Causalmodels
Causalmodels is a Python library for defining, analyzing, and inferring causal relationships from data, drawing inspiration from Judea Pearl's do-calculus. It provides tools for building Bayesian causal models, performing matching, and conducting regression-based causal inference. The current version is 0.4.0, with an irregular release cadence.
Common errors
-
KeyError: "['NonExistentColumn']" or similar error indicating a missing column.
cause The column name provided for `treatment`, `outcome`, or `control_variables` does not exist in the input DataFrame.fixDouble-check the spelling of column names against `df.columns` to ensure they exactly match the DataFrame columns, respecting case sensitivity. -
TypeError: unsupported operand type(s) for +: 'str' and 'int' or similar numerical calculation error.
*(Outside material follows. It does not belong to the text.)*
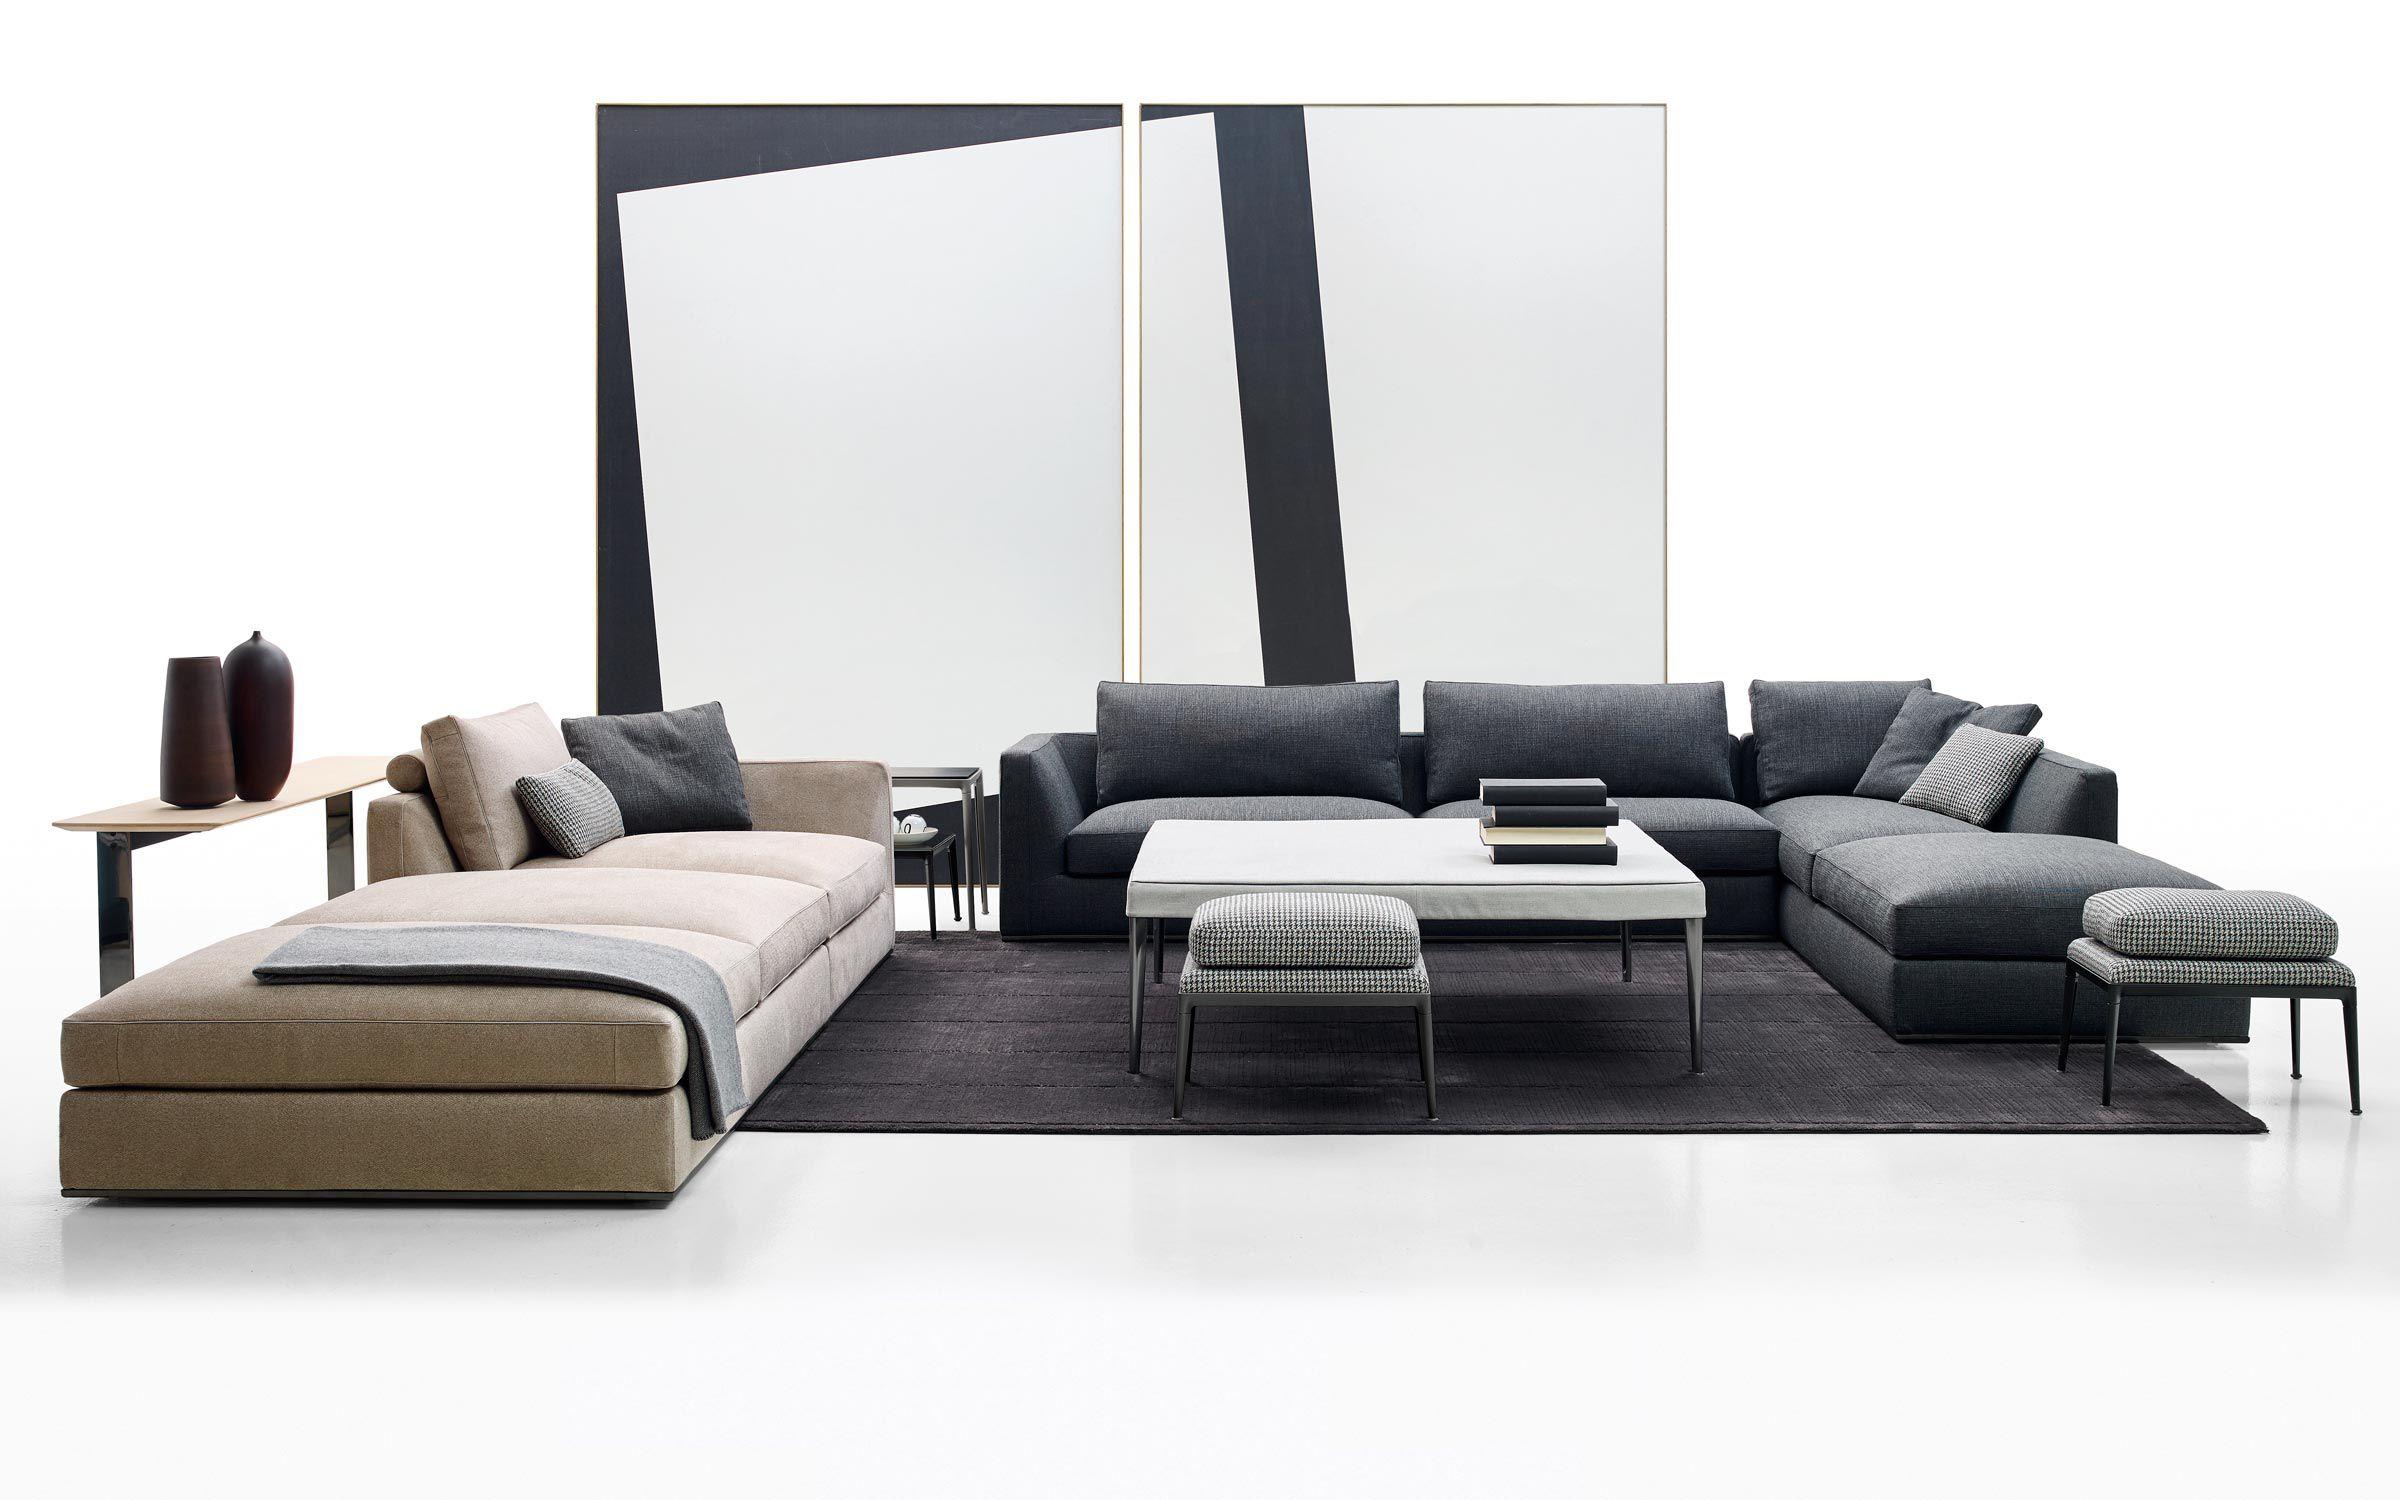 Modular sofa contemporary leather fabric RICHARD B&B Italia

cause One or more columns intended for numerical calculation (treatment, outcome, control) contain non-numeric data (e.g., strings, objects) that cannot be directly processed by the underlying statistical models.fixConvert all relevant columns to appropriate numeric types (e.g., `float`, `int`) using `df['column'] = pd.to_numeric(df['column'], errors='coerce')` before passing the DataFrame to `causalmodels` methods.
Warnings
- gotcha Causal inference methods in `causalmodels` (and generally) rely on strong assumptions (e.g., no unmeasured confounders, correct specification of the causal graph). Failing to meet these assumptions can lead to biased estimates.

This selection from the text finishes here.